With the pictures omitted, repeat exactly the lines below starting with the line that has "Lets Express 60.5825 as afraction" and going on through the line that has "Black and gold".
··· TASK DATA
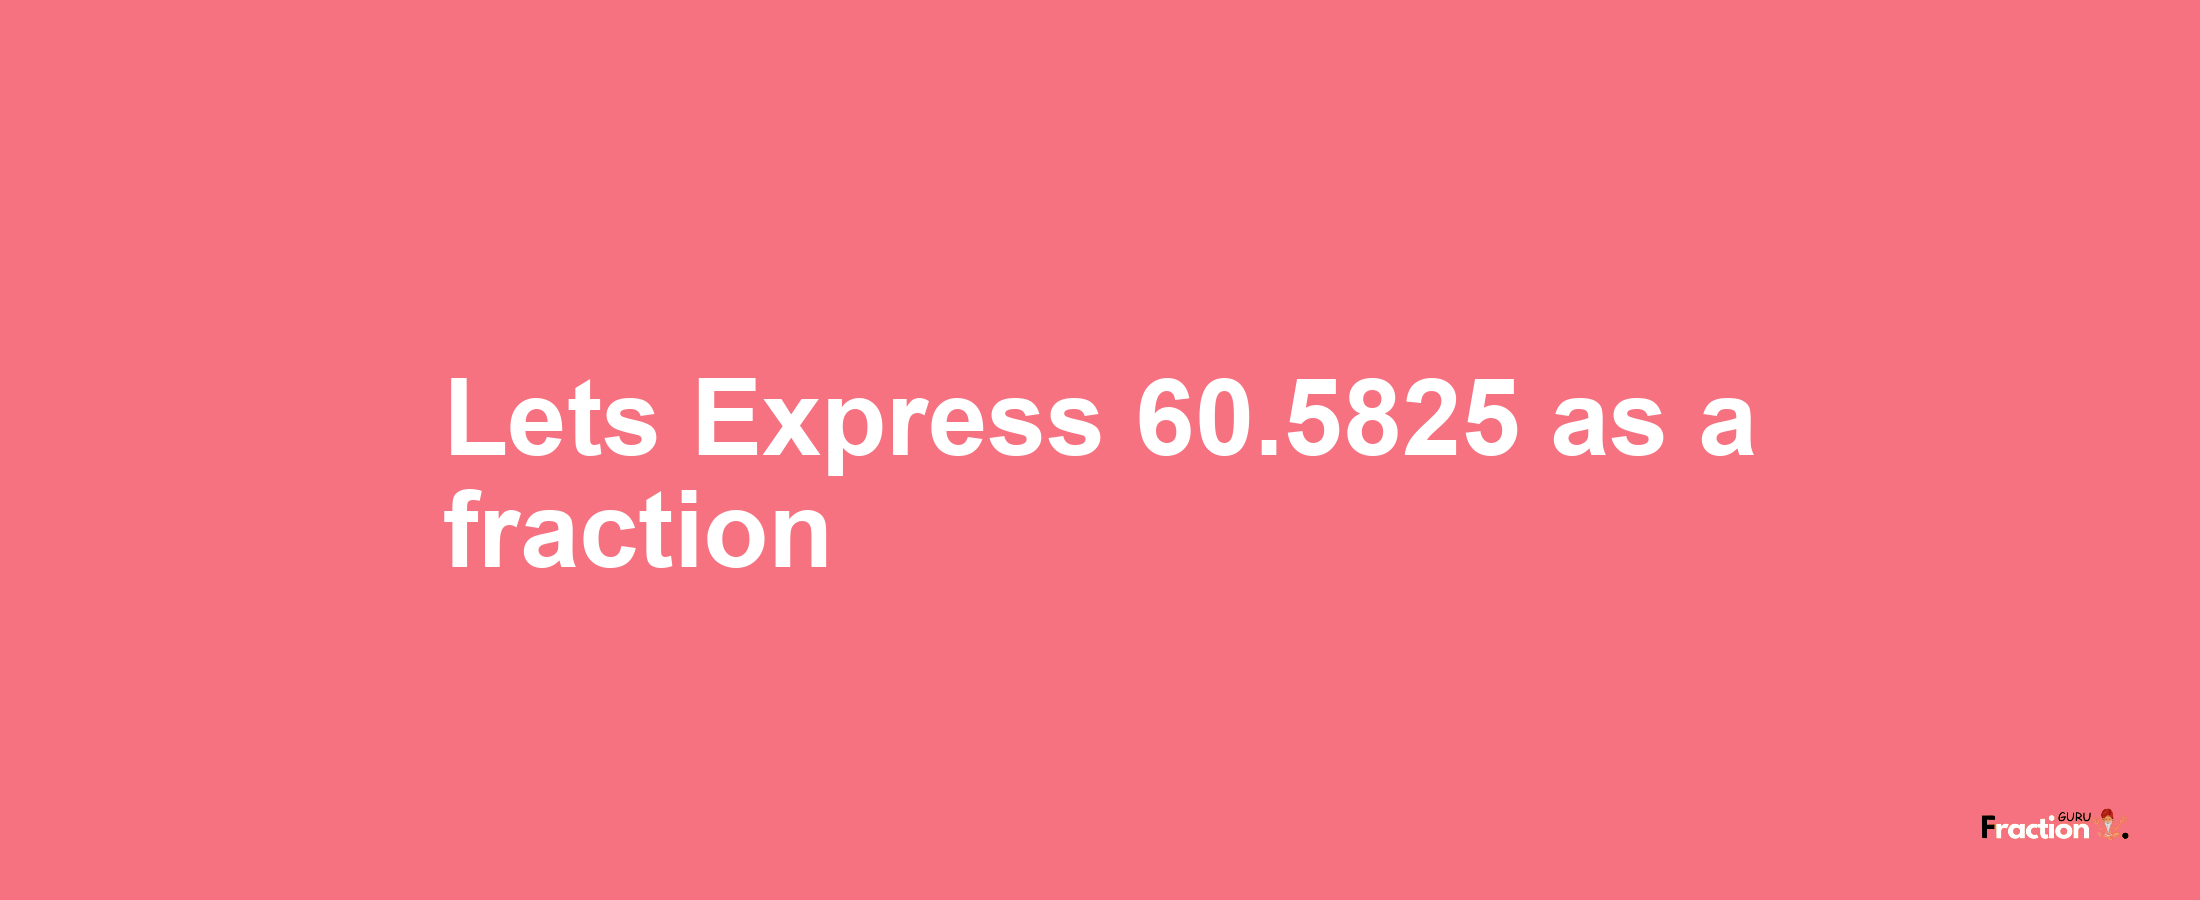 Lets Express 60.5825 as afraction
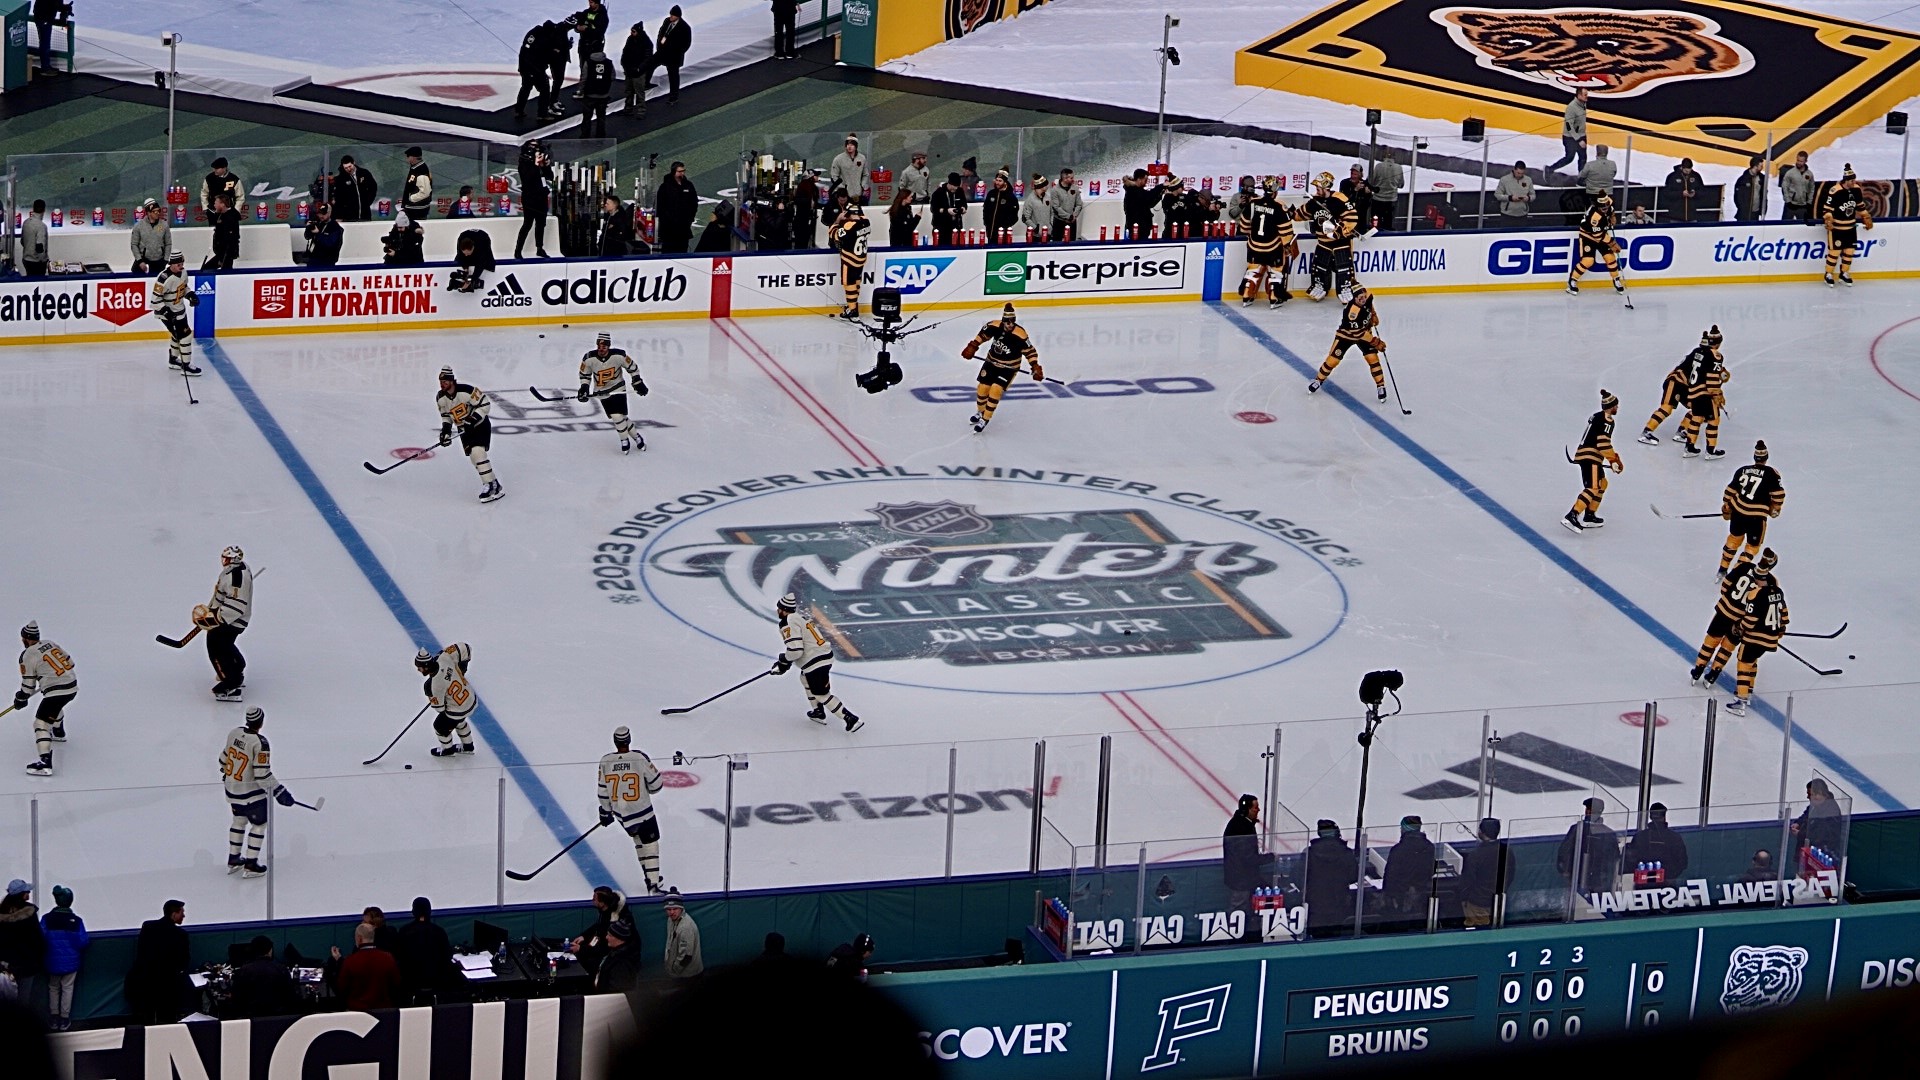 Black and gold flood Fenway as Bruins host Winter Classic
······
··· TASK DATA
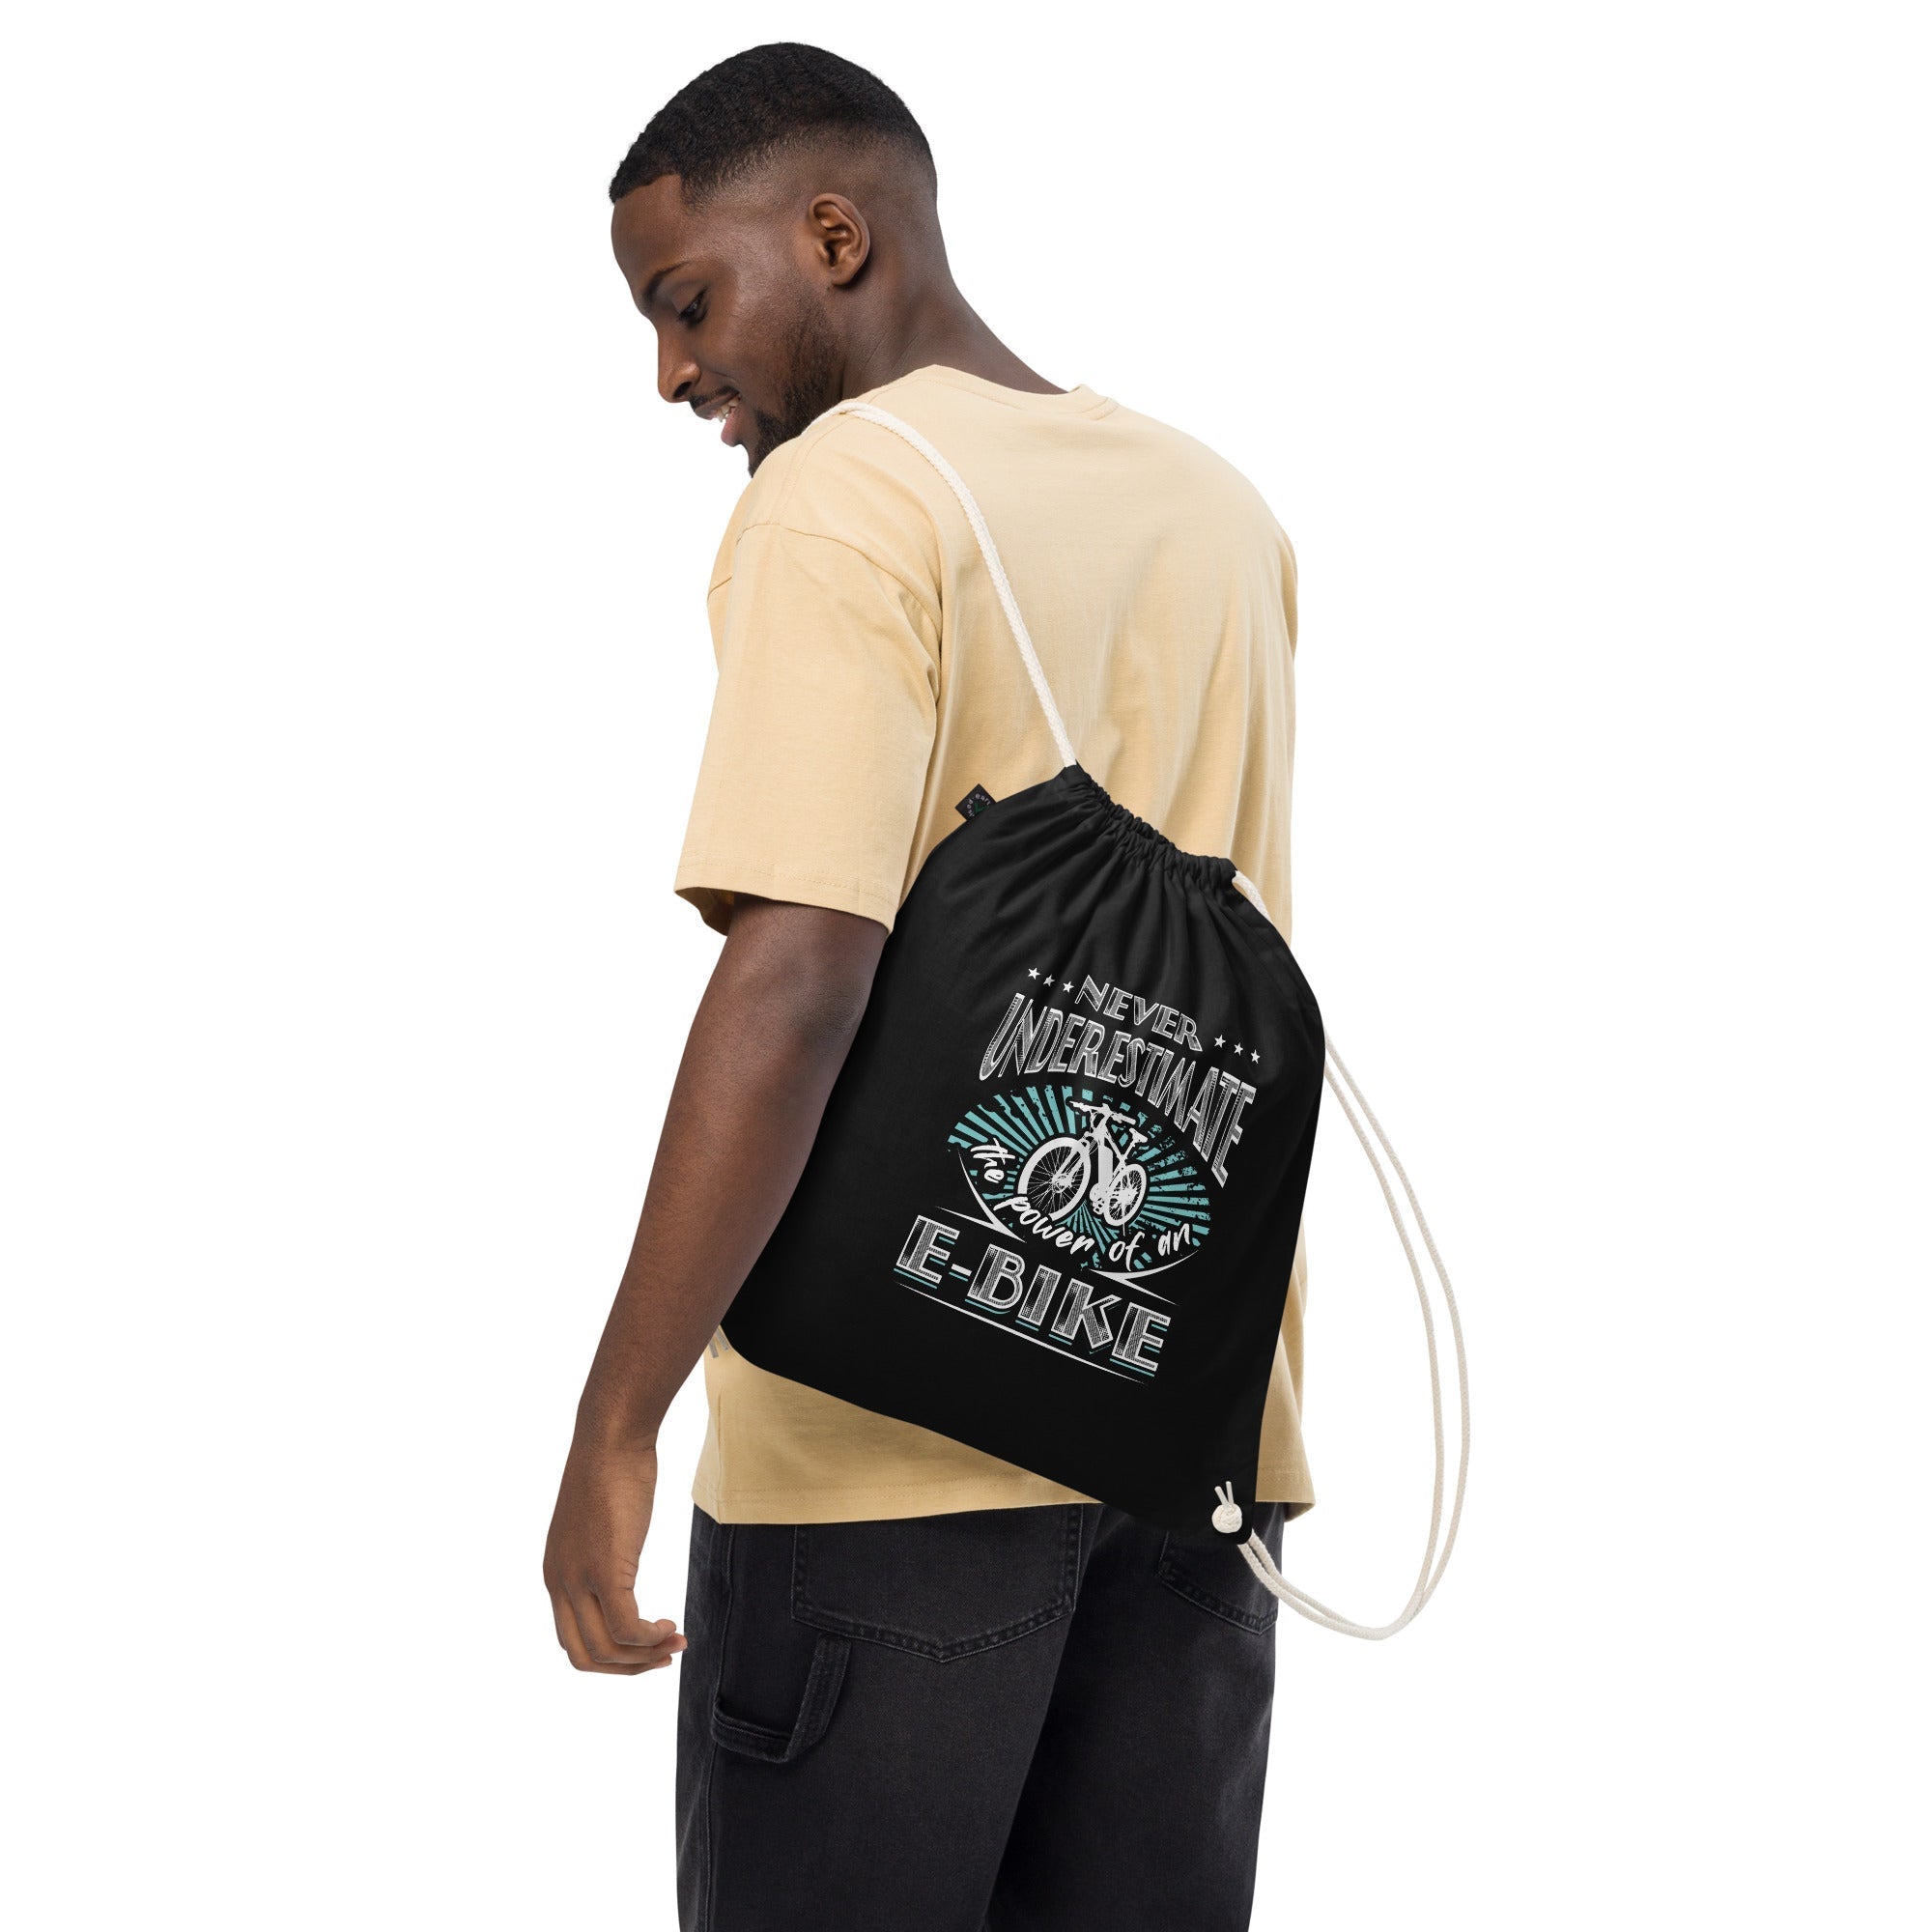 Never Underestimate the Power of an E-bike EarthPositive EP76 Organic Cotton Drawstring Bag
······
··· TASK DATA
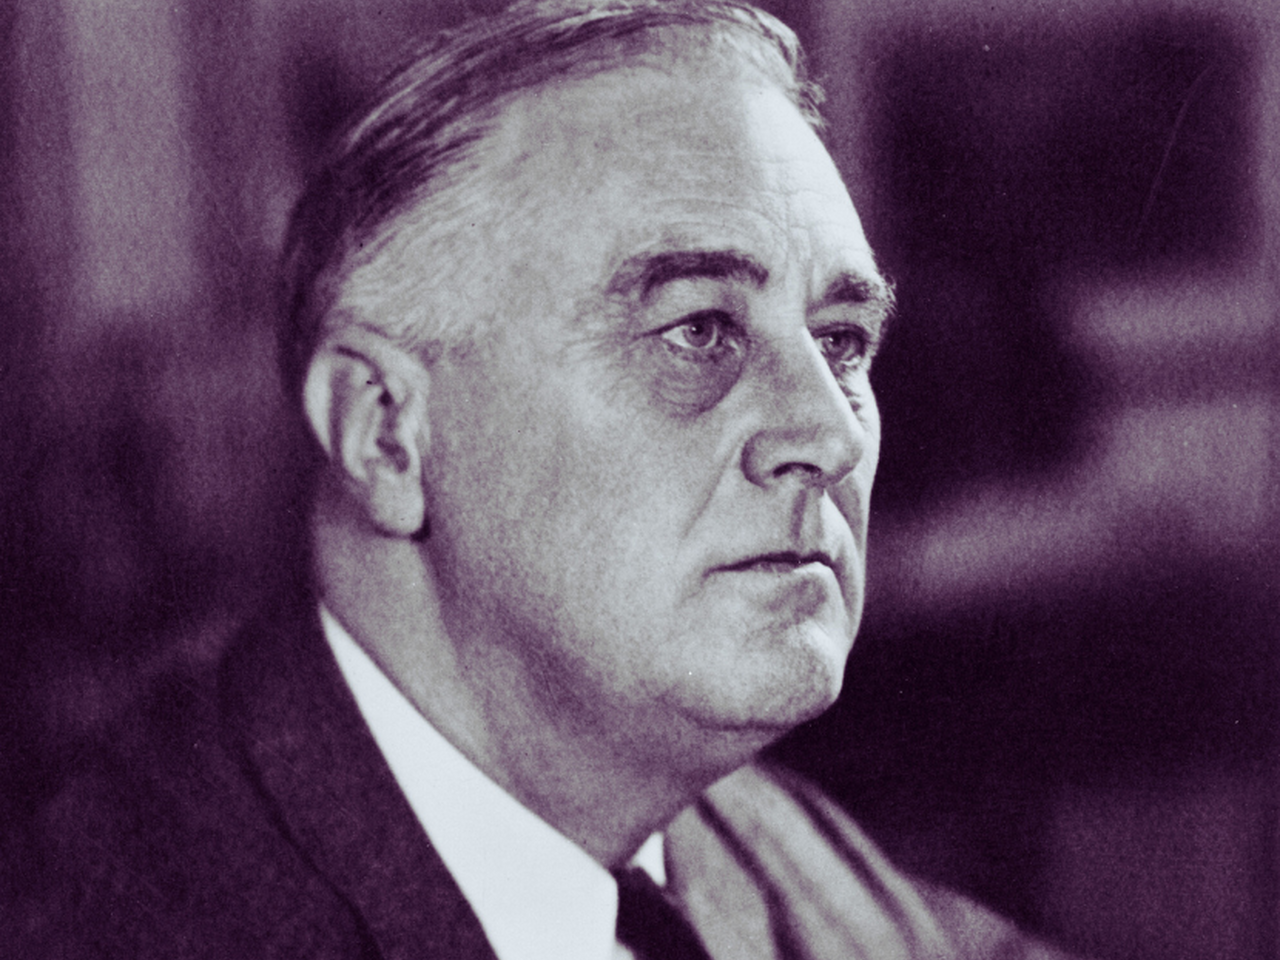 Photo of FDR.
······
EXERCISE OUTPUT —
 Lets Express 60.5825 as afraction
 Black and gold flood Fenway as Bruins host Winter Classic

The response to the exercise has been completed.